Accelerators and detectors

Cutting-edge accelerator technologies are key to success for the MYRRHA research reactor

17 Feb 2022 Sponsored by SCK CEN

The MYRRHA project in Belgium is seeking enthusiastic scientists, engineers and project managers with a talent for cross-disciplinary collaboration

The MYRRHA project
Big science, big vision: the MYRRHA project provides early-career scientists and engineers with an opportunity to shape the delivery and realization of a unique research facility. (Courtesy: SCK CEN)

A first-of-its-kind, next-generation research reactor is taking shape on the campus of SCK CEN, the Belgian Nuclear Research Centre in Mol, opening up opportunities for physicists, engineers and technologists to transform an ambitious scientific vision into operational reality over the next 15 years and beyond. With a capital cost of several hundred million Euros, the Multi-purpose hYbrid Research Reactor for High-tech Applications (MYRRHA) represents big science on an ambitious canvas – consisting of a subcritical nuclear reactor driven by a high-power proton linear accelerator, such that the fission reaction is sustained exclusively by the accelerated proton beam (i.e. turning off the proton beam results in immediate and safe shut-down of the reactor).

The implementation of MYRRHA is already under way, with Phase 1 of construction – the so-called MINERVA project – focused on completing the initial section of the proton linac (up to 100 MeV) in 2026. Other MINERVA deliverables include the Proton Target Facility (which will produce radio-isotopes for fundamental physics research and medical applications) and the Full Power Facility (to investigate advanced materials for nuclear fusion). The principal aim in this first phase is to confirm the linac’s reliability in advance of Phase 2 scale-up (due for completion in 2033) to the 400 m long accelerator system that will deliver the 600 MeV proton beam ultimately needed to drive the MYRRHA research reactor. Commissioning of the latter – a Pb-Bi eutectic-cooled and double-walled, unpressurized pool-type reactor with a maximum thermal output of 100 MW – represents the third and final phase of MYRRHA construction and is presently scheduled for 2036.
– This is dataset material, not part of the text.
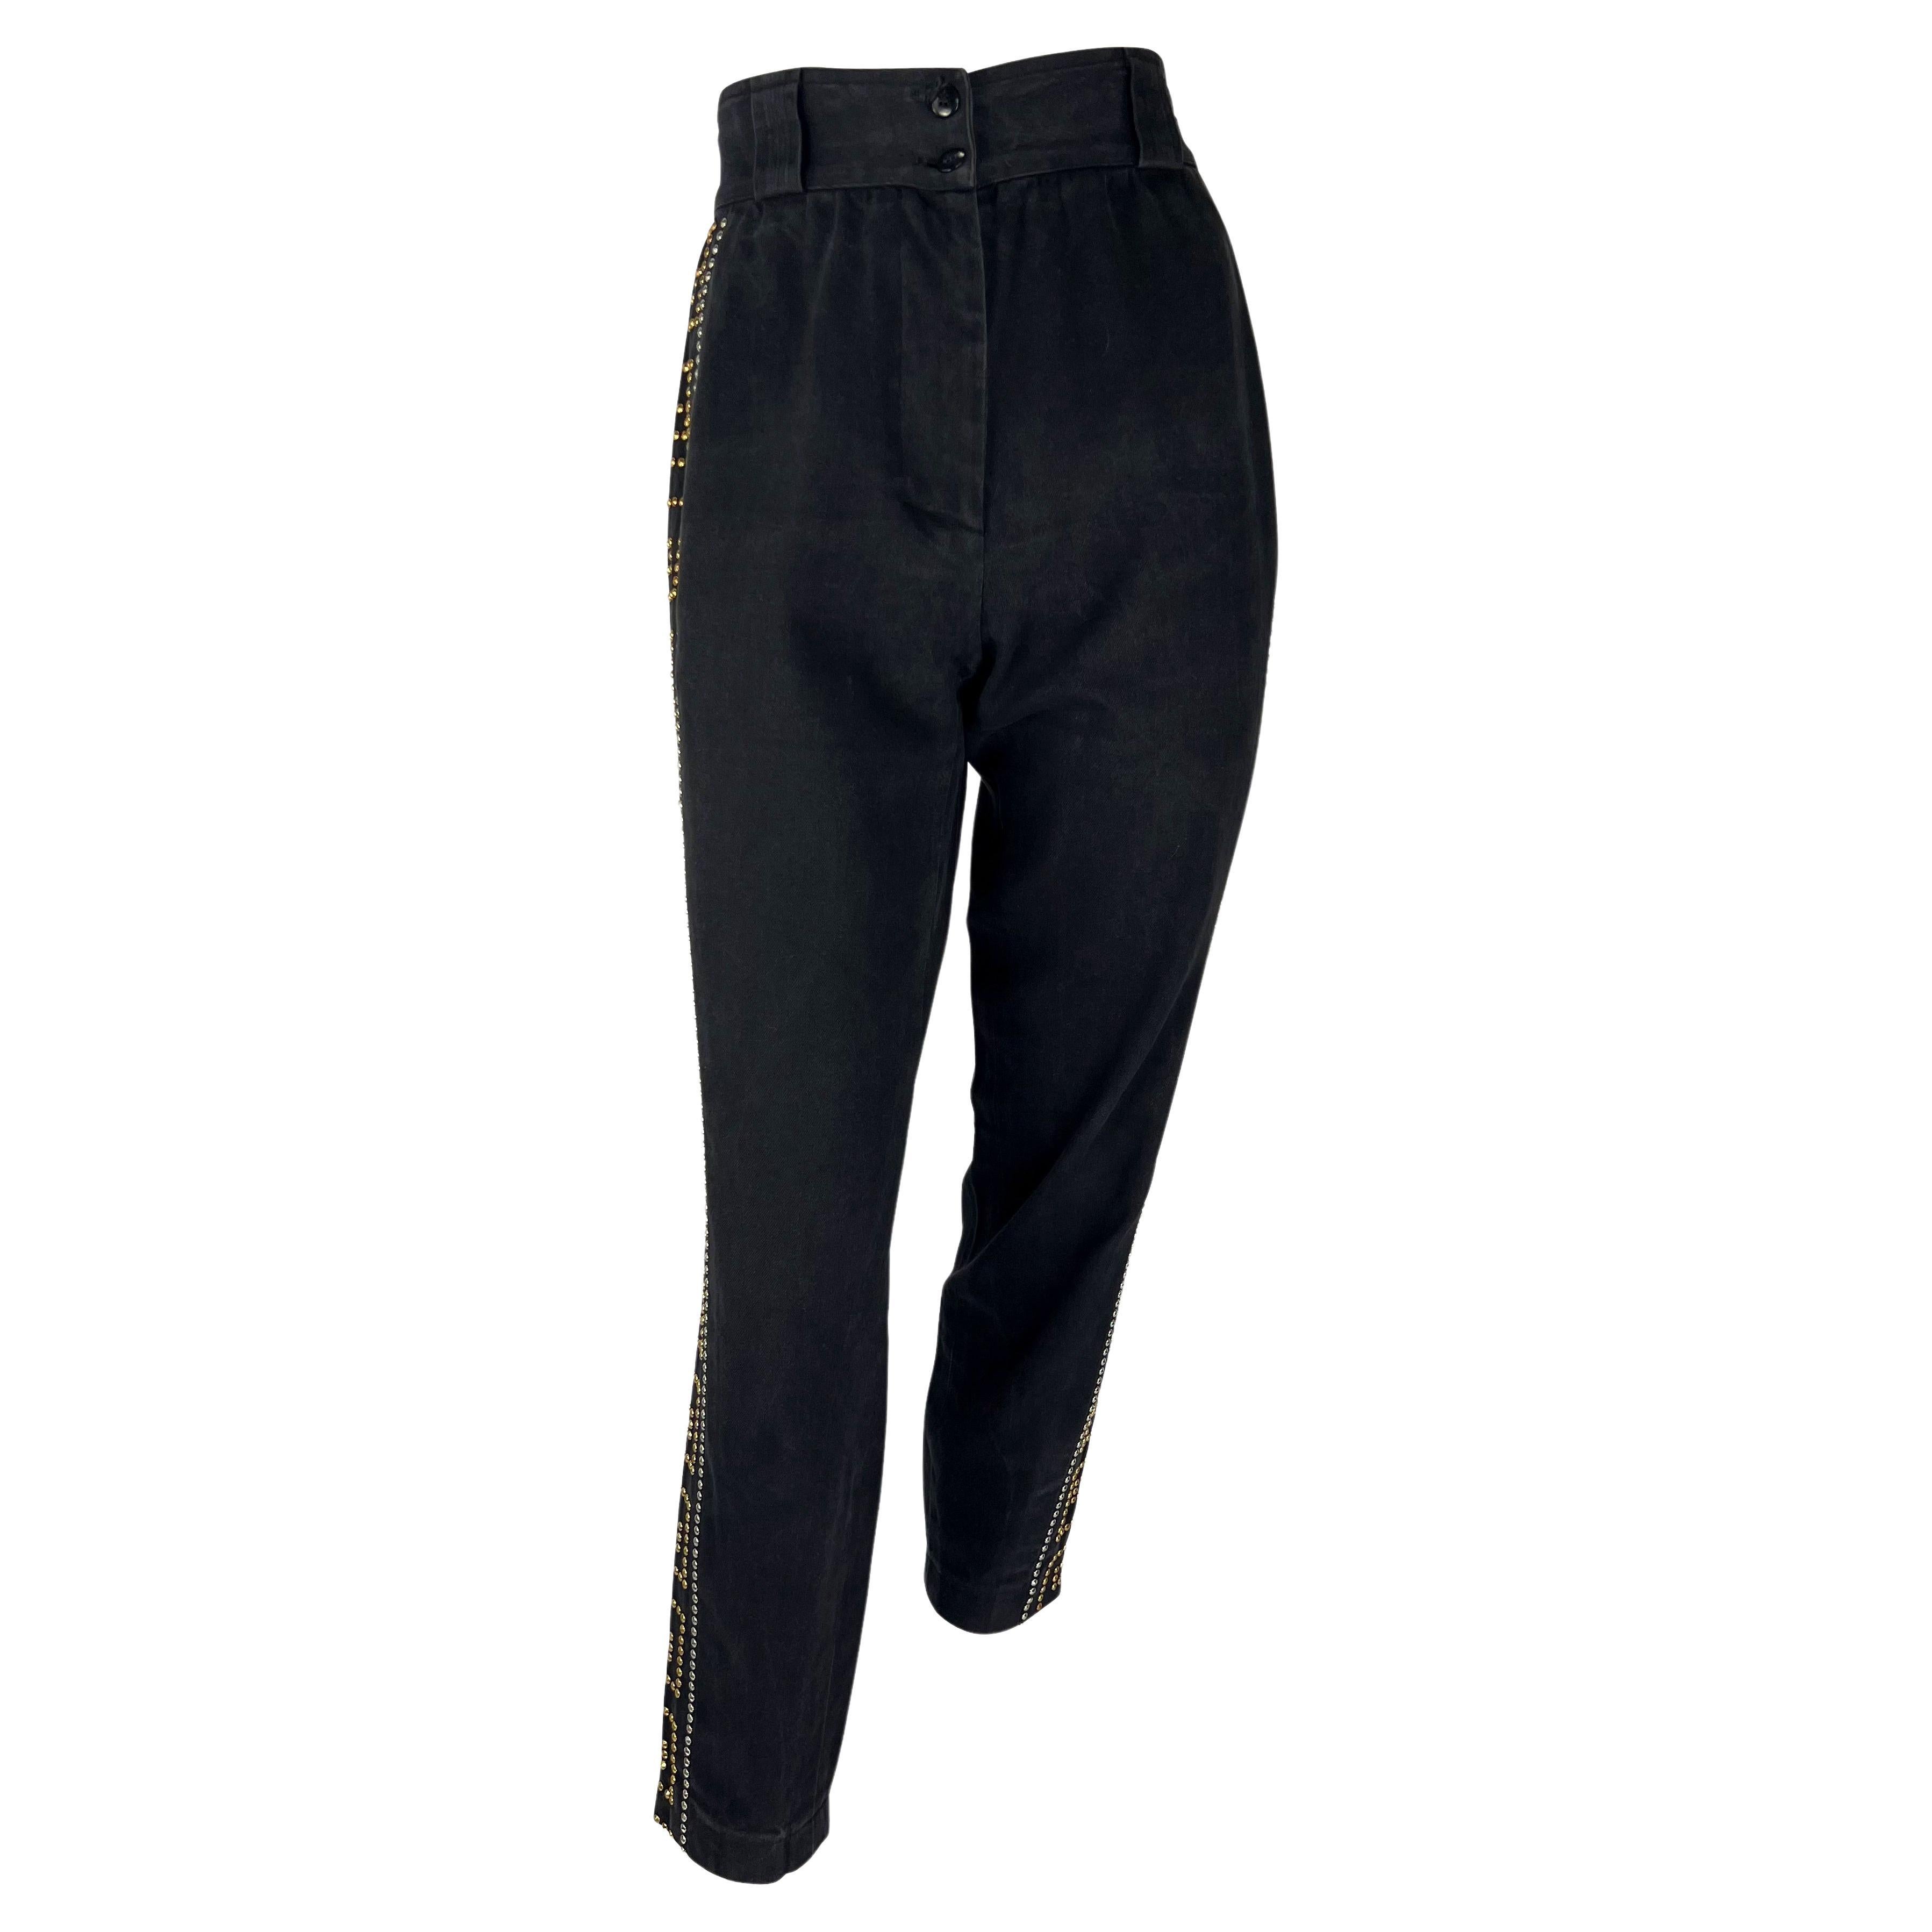 Women's F/W 1992 Gianni Versace Couture Greek Key Studded Gold Silver Black Jeans

Here, Hamid Aït Abderrahim, director of MYRRHA and SCK CEN deputy director-general for international affairs, talks to Physics World about the project’s ongoing transition from R&D, demonstration and prototyping into construction and realization.

What does your leadership role involve on the MYRRHA project?
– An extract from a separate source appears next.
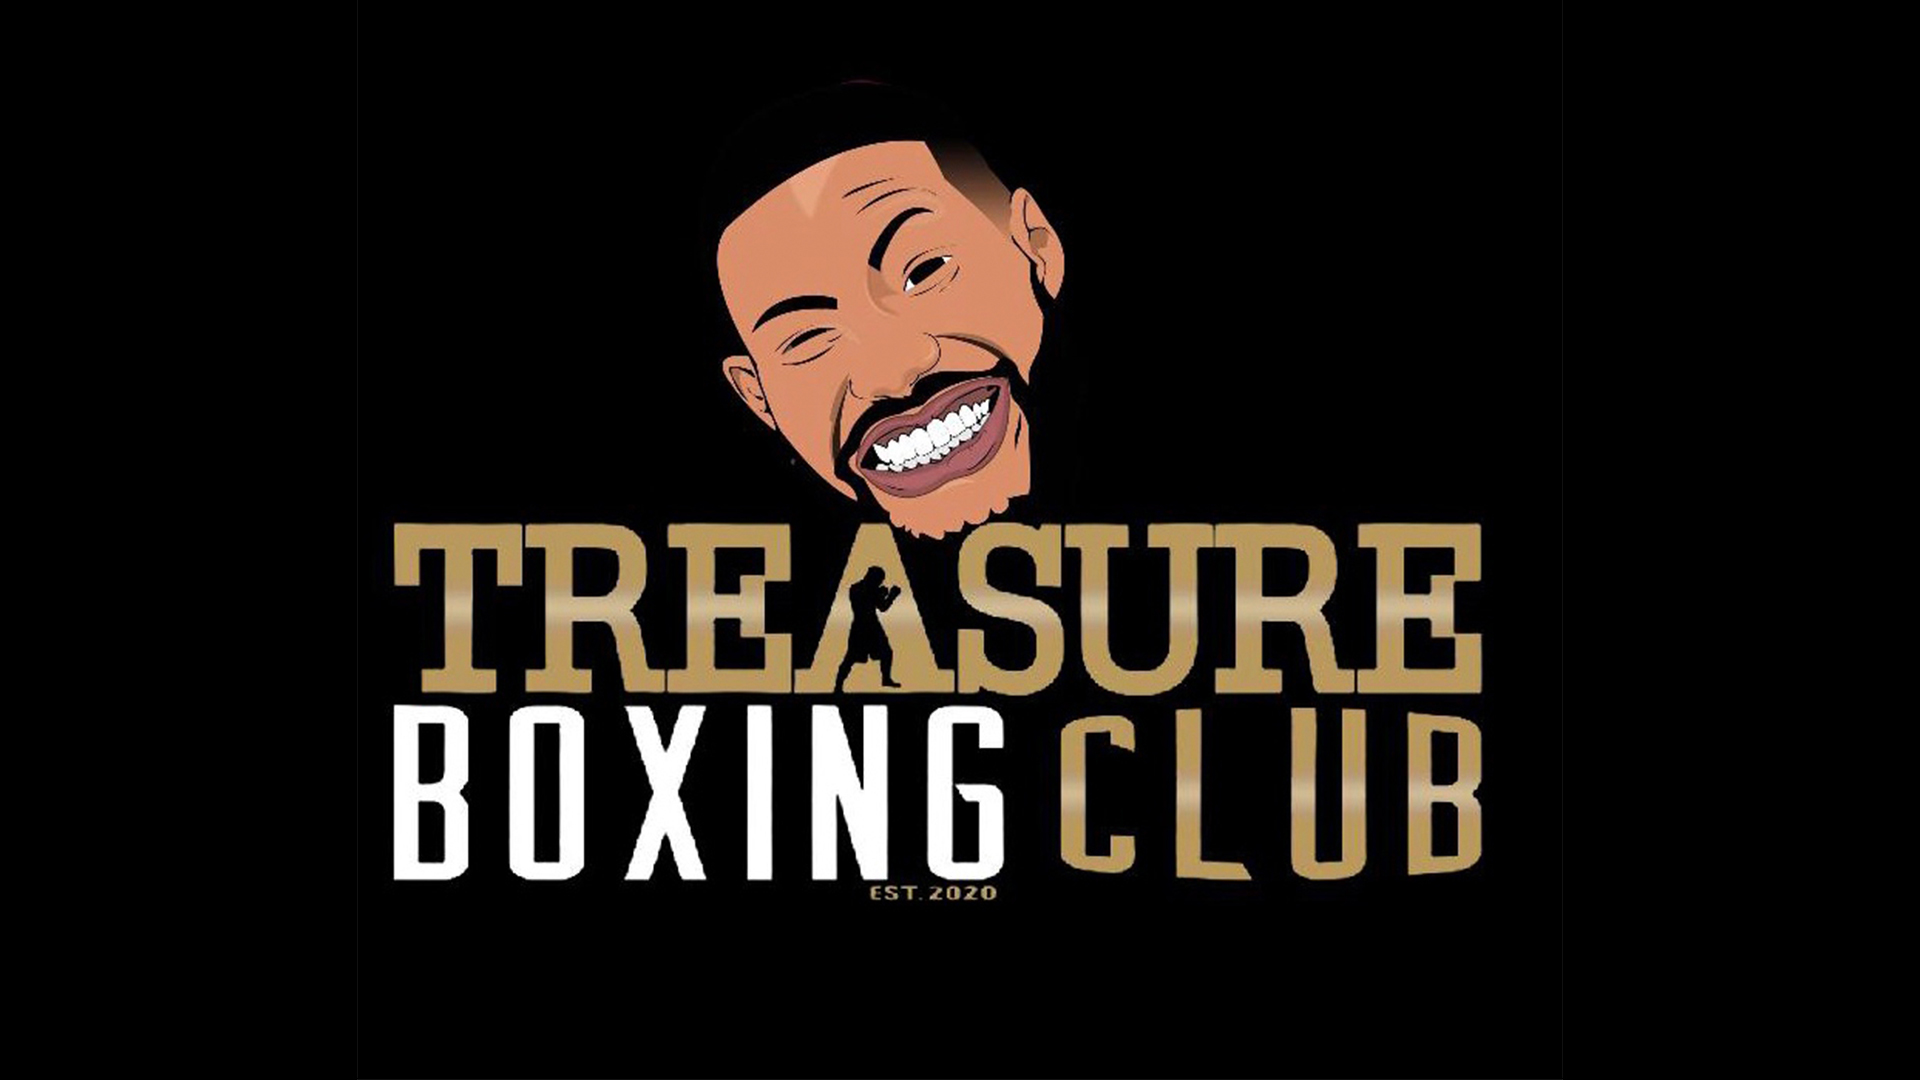 Treasure boxing Our City

My remit is to ensure that long-term domestic and international financing is in place, while overseeing the design, development and construction effort versus budget and our phased implementation schedule. Externally, I’m responsible for steering MYRRHA’s growing list of strategic partnerships with other big science facilities, while I’m also ultimately accountable for making sure that the core project team – currently around 200 staff at SCK CEN as well as external contractors – has the right mix of skills, experience and specialisms.

Why should early-career scientists and engineers consider MYRRHA as a potential next step in their professional development?

This is an opportunity to shape the delivery and realization of a unique research facility that will address grand societal challenges along several major pathways – from advanced methods to deal with high-level nuclear waste to the at-scale production of medical radioisotopes for the diagnosis and treatment of cancer. At the same time, MYRRHA will enable a diverse research programme in nuclear physics, atomic physics and the study of fundamental interactions, while providing a capability to evaluate next-generation materials with applications in future nuclear fusion reactors. It’s a broad-scope and long-term research endeavour.

How is work progressing with MINERVA, the first phase of the MYRRHA project?

The MINERVA team is overseen by a technical director, with around 85 staff now largely focused on prototyping and realization of the core building blocks for this phase of the project – specifically, the 100 MeV linac, the Proton Target Facility, the Full Power Facility, as well as associated instrumentation and control systems.

Hamid Aït Abderrahim

This team is also working with – and managing – a network of industry contractors on development and installation of a range of auxiliary systems (e.g. radio-frequency cavities, solid-state amplifiers, cryogenics). In parallel, we have around 100 other full-time staff already working on Phase 2 and Phase 3 of MYRRHA, though the emphasis for this group is still skewed towards R&D, design and nuclear licensing and safety studies relating to the reactor.

Presumably the MYRRHA project team will need to scale and adapt over the next five years?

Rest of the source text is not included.